## Task prompt
Before copying, set the pictures aside; then repeat every line below verbatim.

BEGIN Provided material

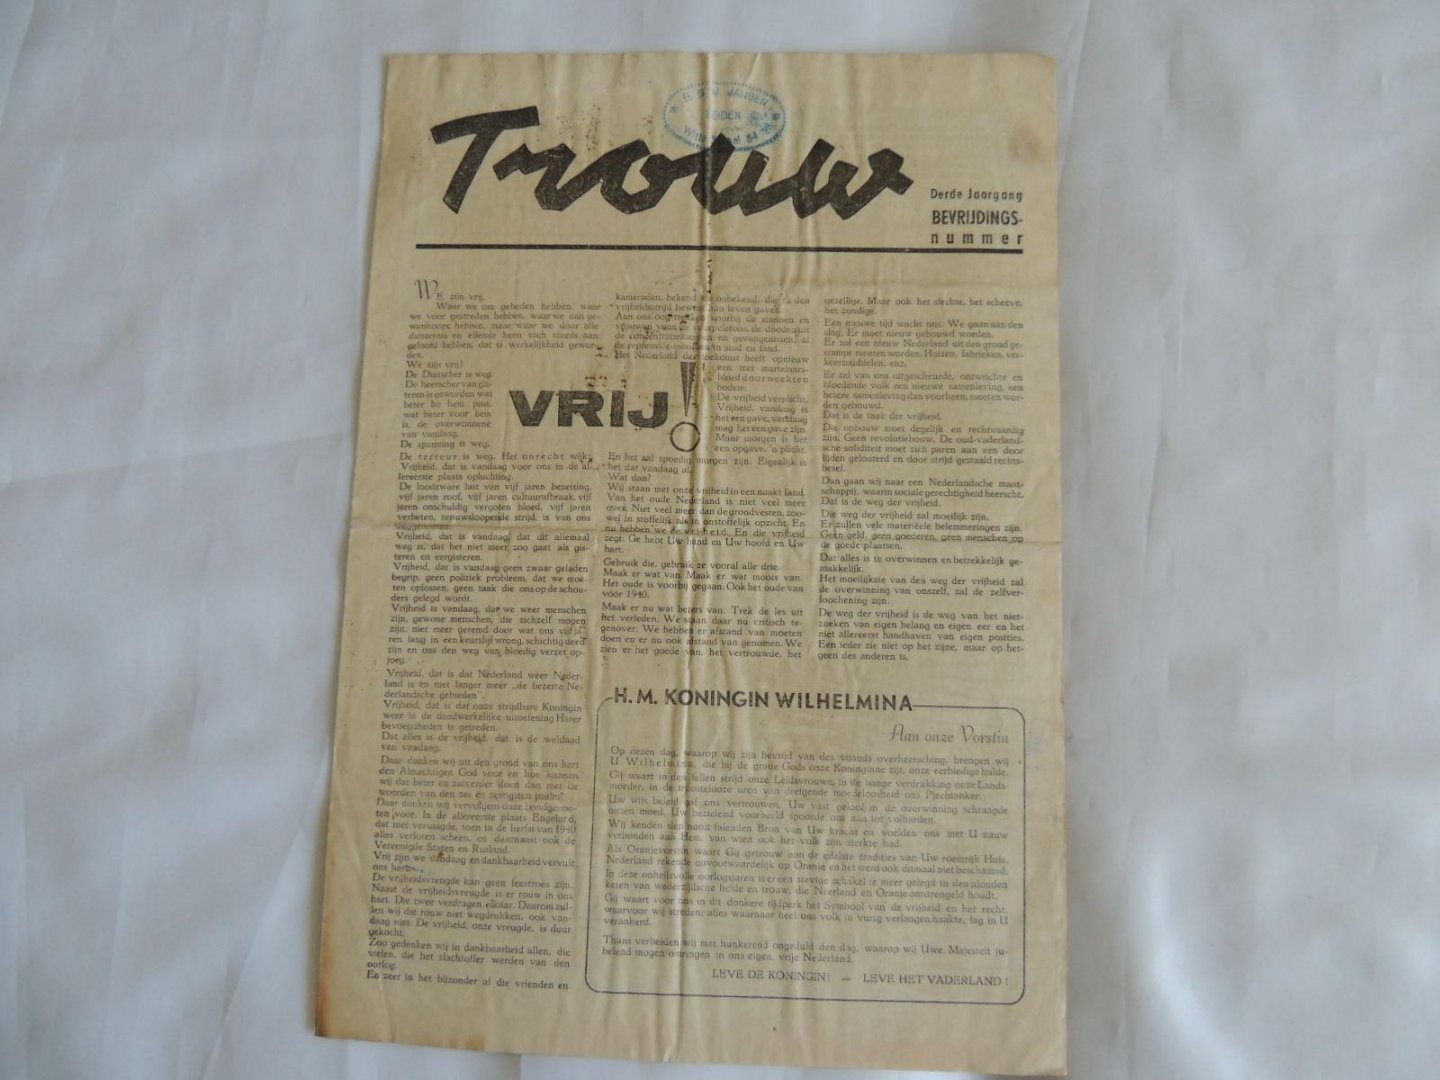  - Krant "Trouw", 3e Jaargang, mei 1945 - Bevrijdingsnummer met o.a. art. onder de kop VRIJ!, Radicale zuivering en Hard en Pricipiëel
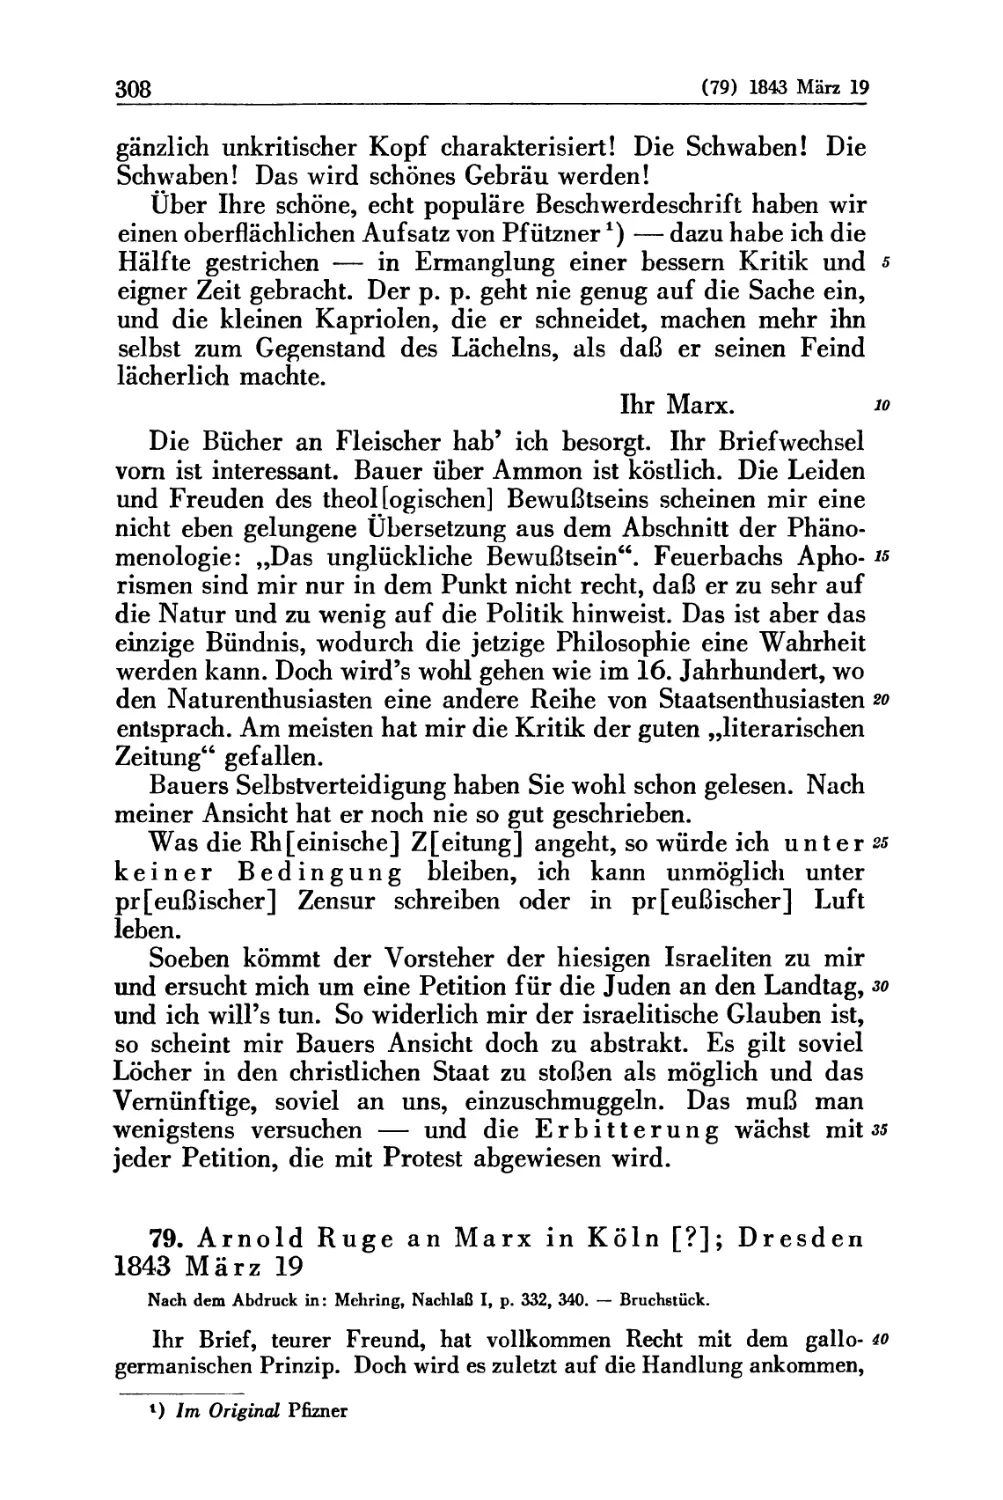 79. Arnold Ruge an Marx in Köln [?]; Dresden 1843 März 19
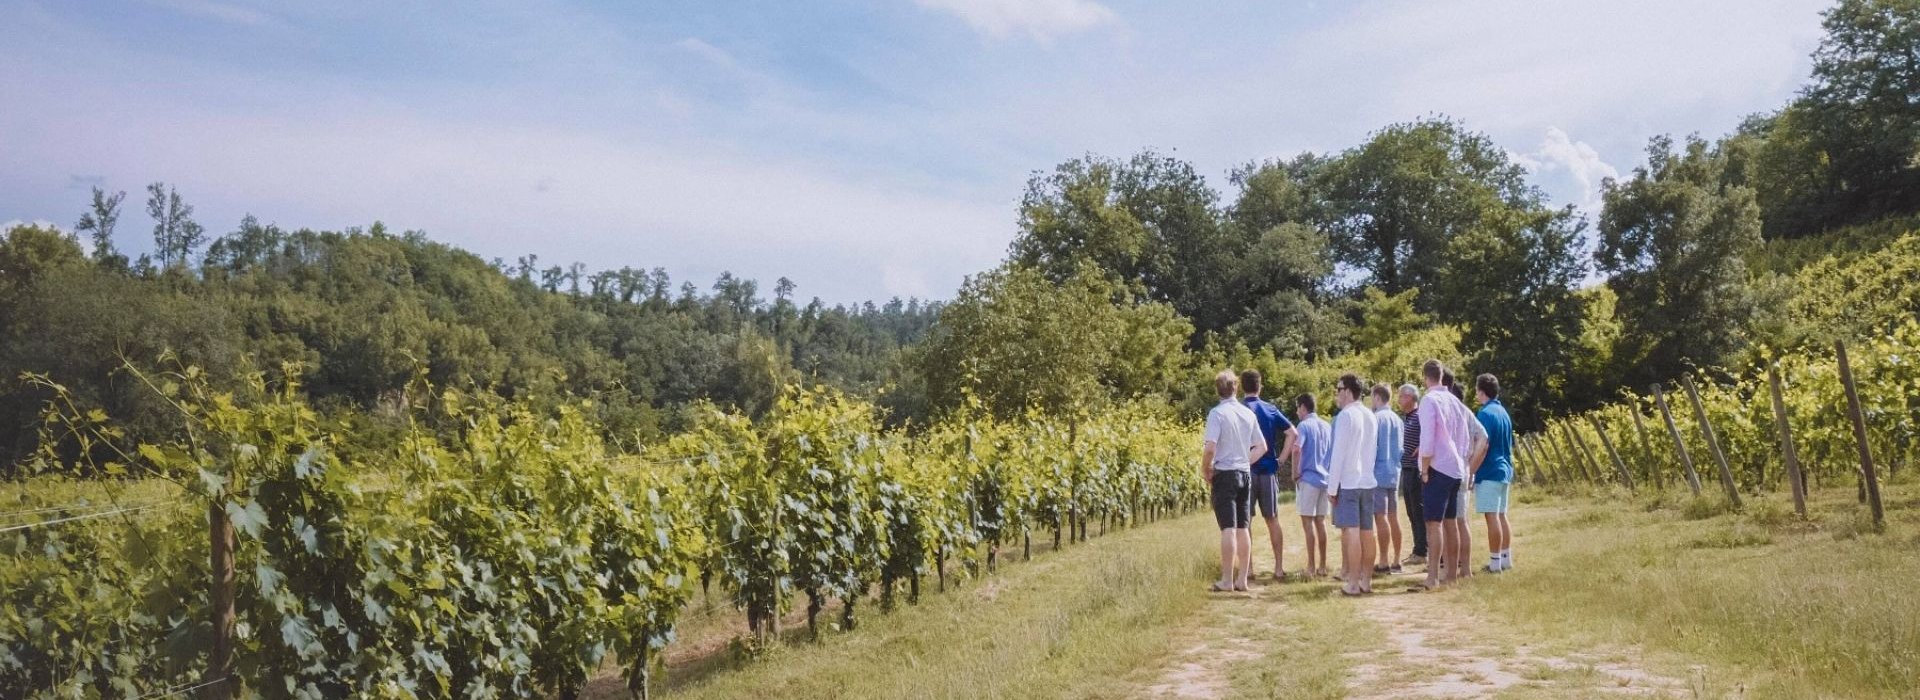 Un'esperienza unica per scoprire i segreti di vitigni e uve con degustazione sulle colline di Montepulciano
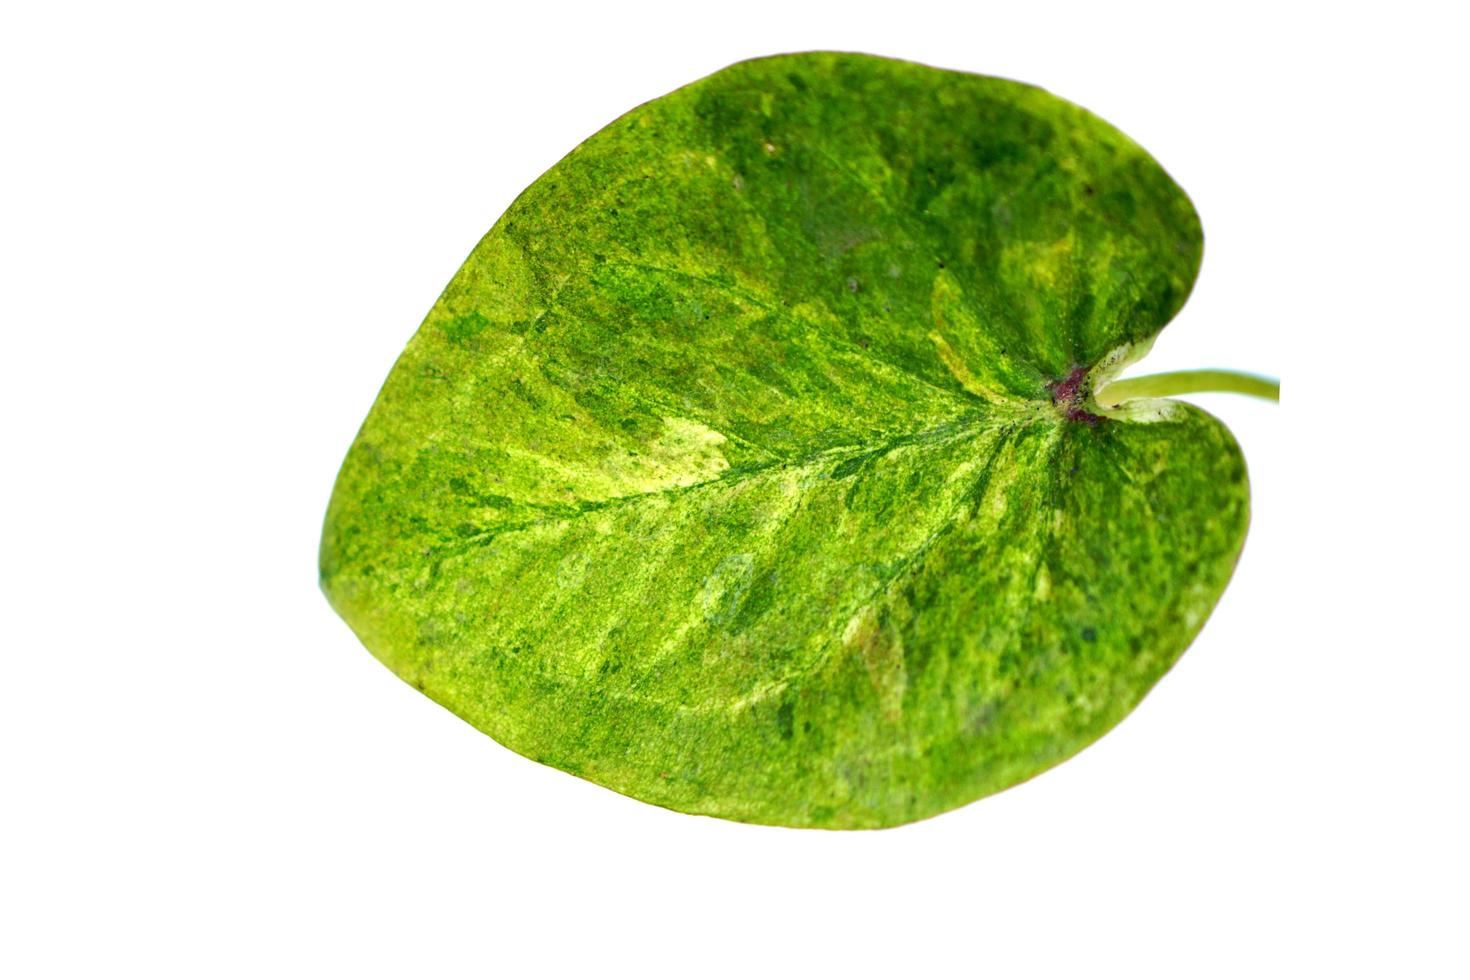 kaladium blad på en vit bakgrund foto

END Provided material

## Exercise output
  - Krant "Trouw", 3e Jaargang, mei 1945 - Bevrijdingsnummer met o.a. art. onder de kop VRIJ!, Radicale zuivering en Hard en Pricipiëel
 79. Arnold Ruge an Marx in Köln [?]; Dresden 1843 März 19
 Un'esperienza unica per scoprire i segreti di vitigni e uve con degustazione sulle colline di Montepulciano
 kaladium blad på en vit bakgrund foto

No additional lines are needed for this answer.